No one knew better than he how to impress upon his courtiers the idea that kings are of a different blood from other men. He even knew how to invest vice and immorality with an air of elegance, and was capable of generous sentiments and actions. He on one occasion sold a gold service of plate for four hundred thousand francs, to purchase bread for starving troops. If haughty, exacting, punctilious, he was not cold.

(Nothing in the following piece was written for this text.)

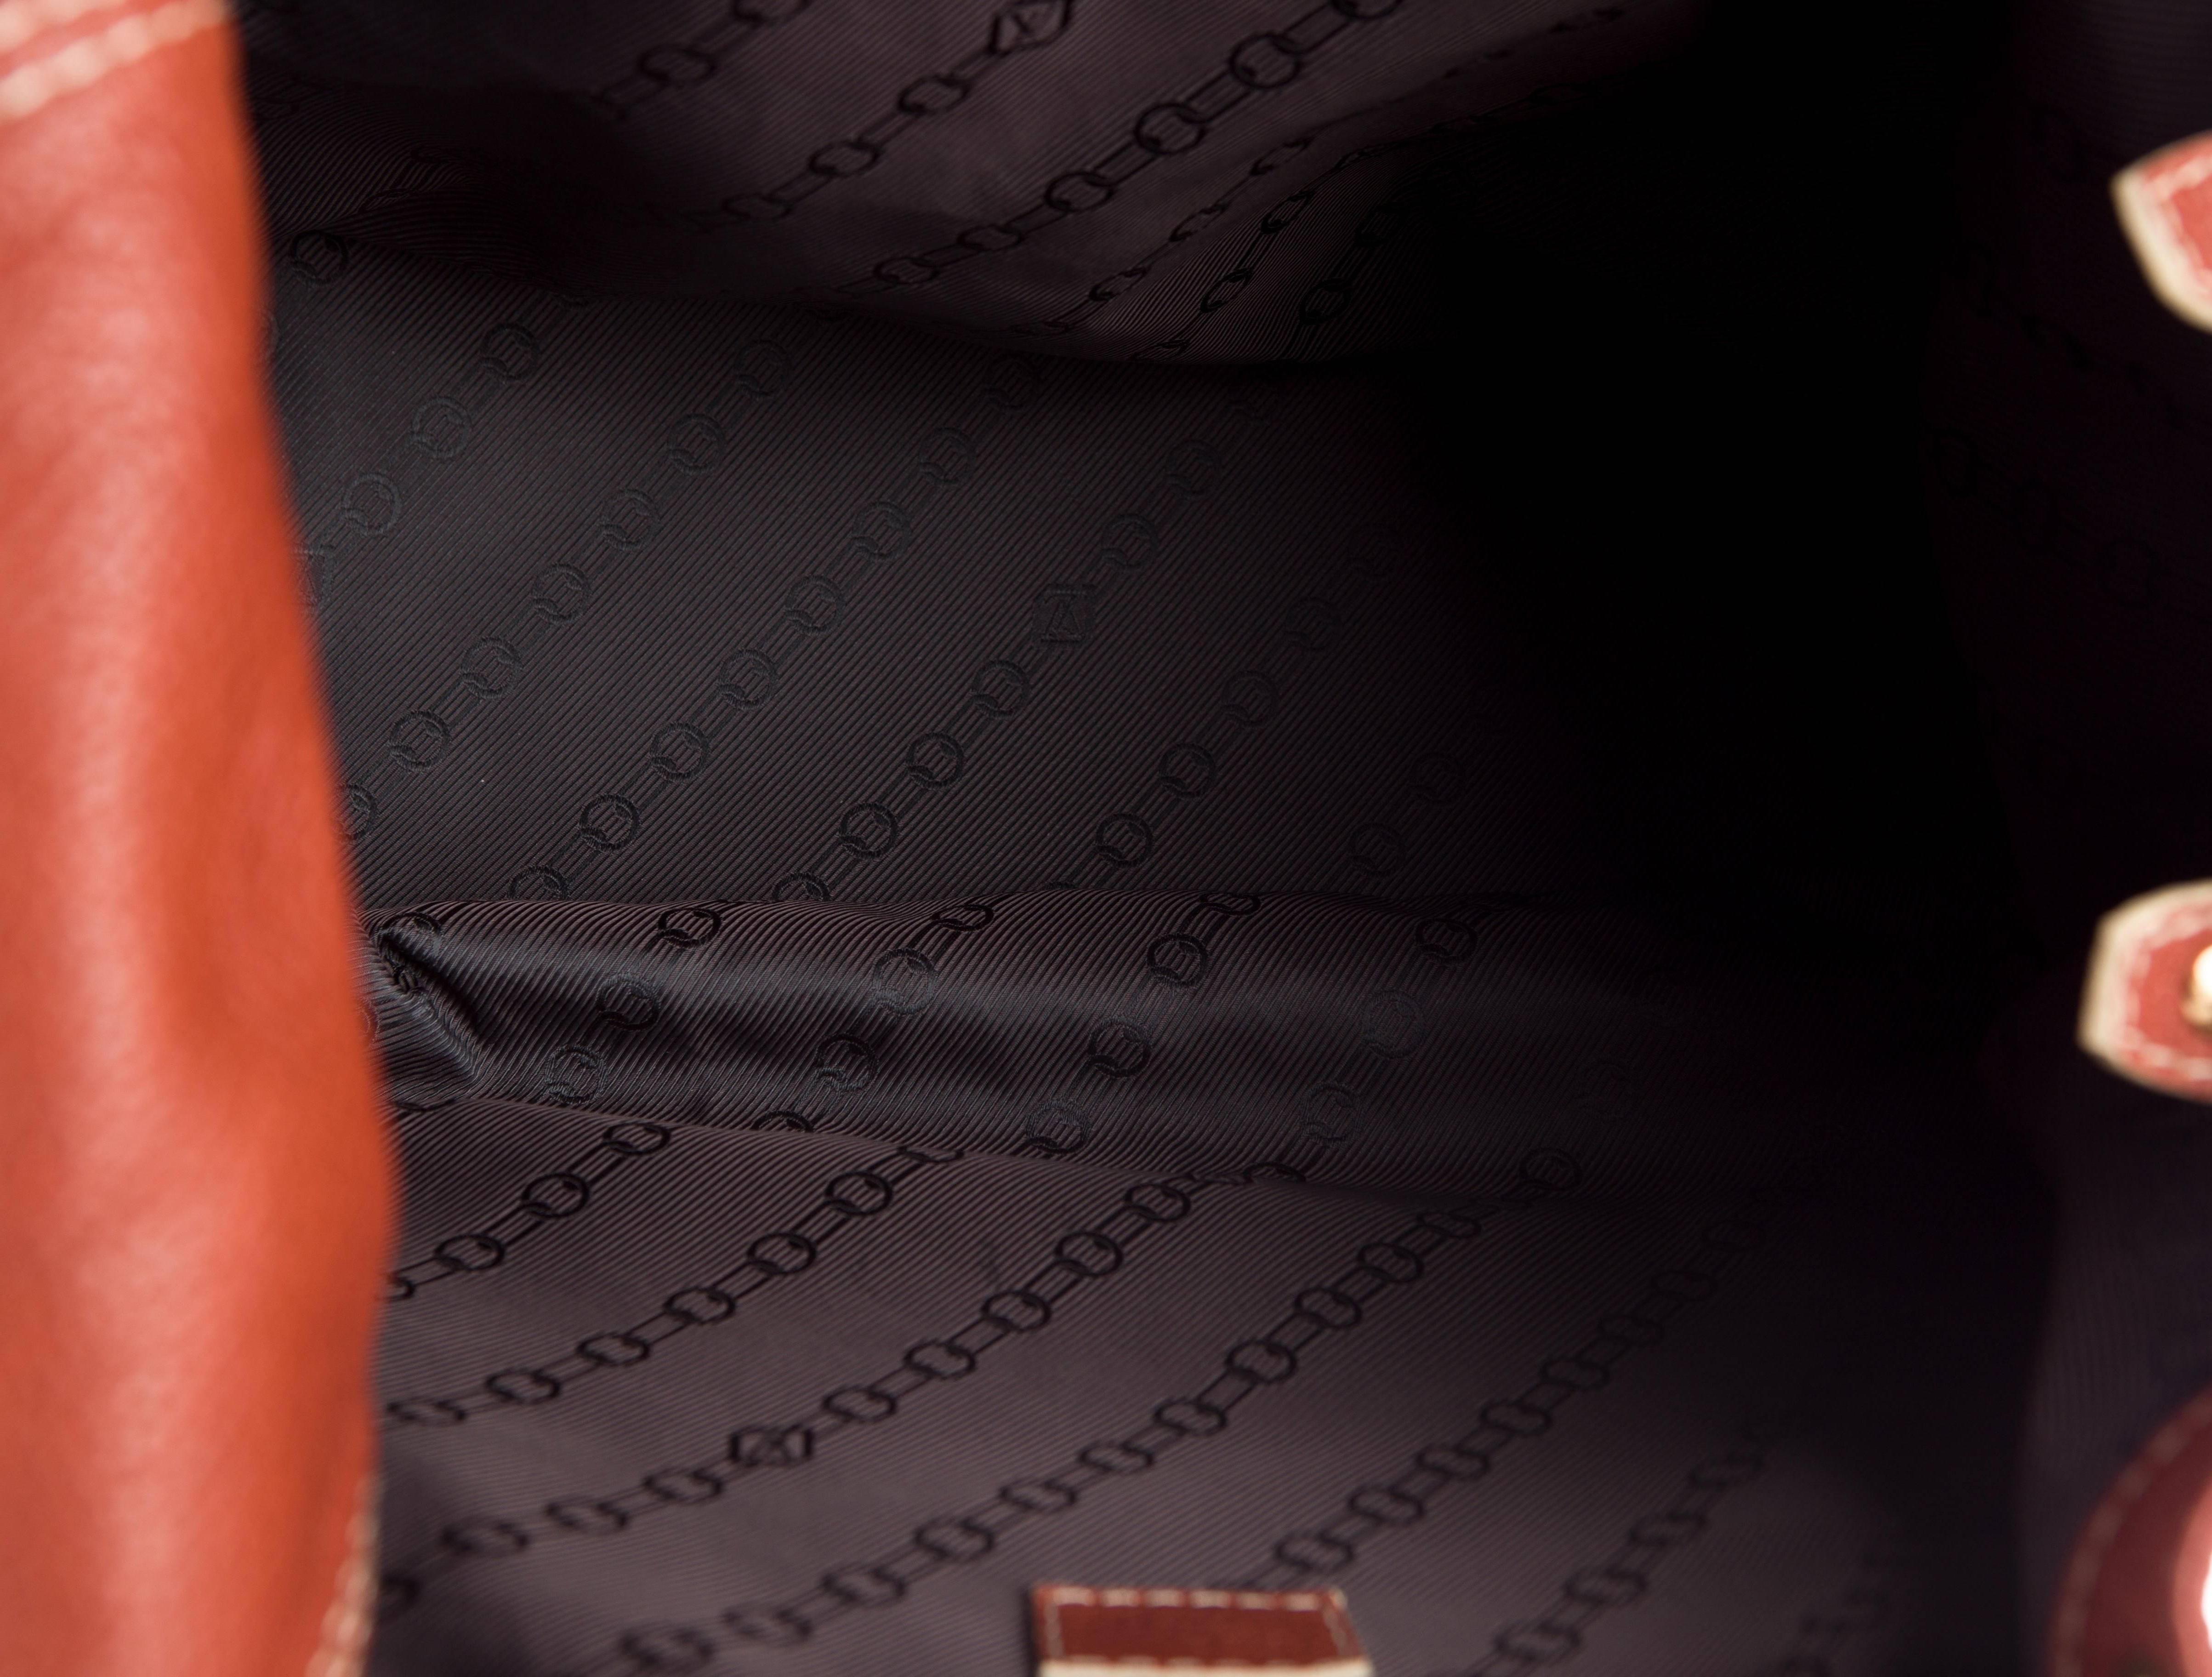 Louis Vuitton Cognac Leather Men's Carryall Travel Tote Bag 2

Even his rigid etiquette and dignified reserve were the dictates of statecraft, as well as of natural inclination. He seemed to feel that he was playing a great part, with the eyes of the world upon him; so that he was an actor as Napoleon was, but a more consistent one, because in his egotism he never forgot himself, not even among his mistresses. As _grand monarque_, the arbiter of all fortunes, the central sun of all glory, was he always figuring before the eyes of men. He never relaxed his habits of ceremony and ostentation, nor his vigilance as an administrator, nor his iron will, nor his thirst for power; so that he ruled as he wished until he died, in spite of the reverses of his sad old age, and without losing the respect of his subjects, oppressed as they were with taxes and humiliated by national disasters.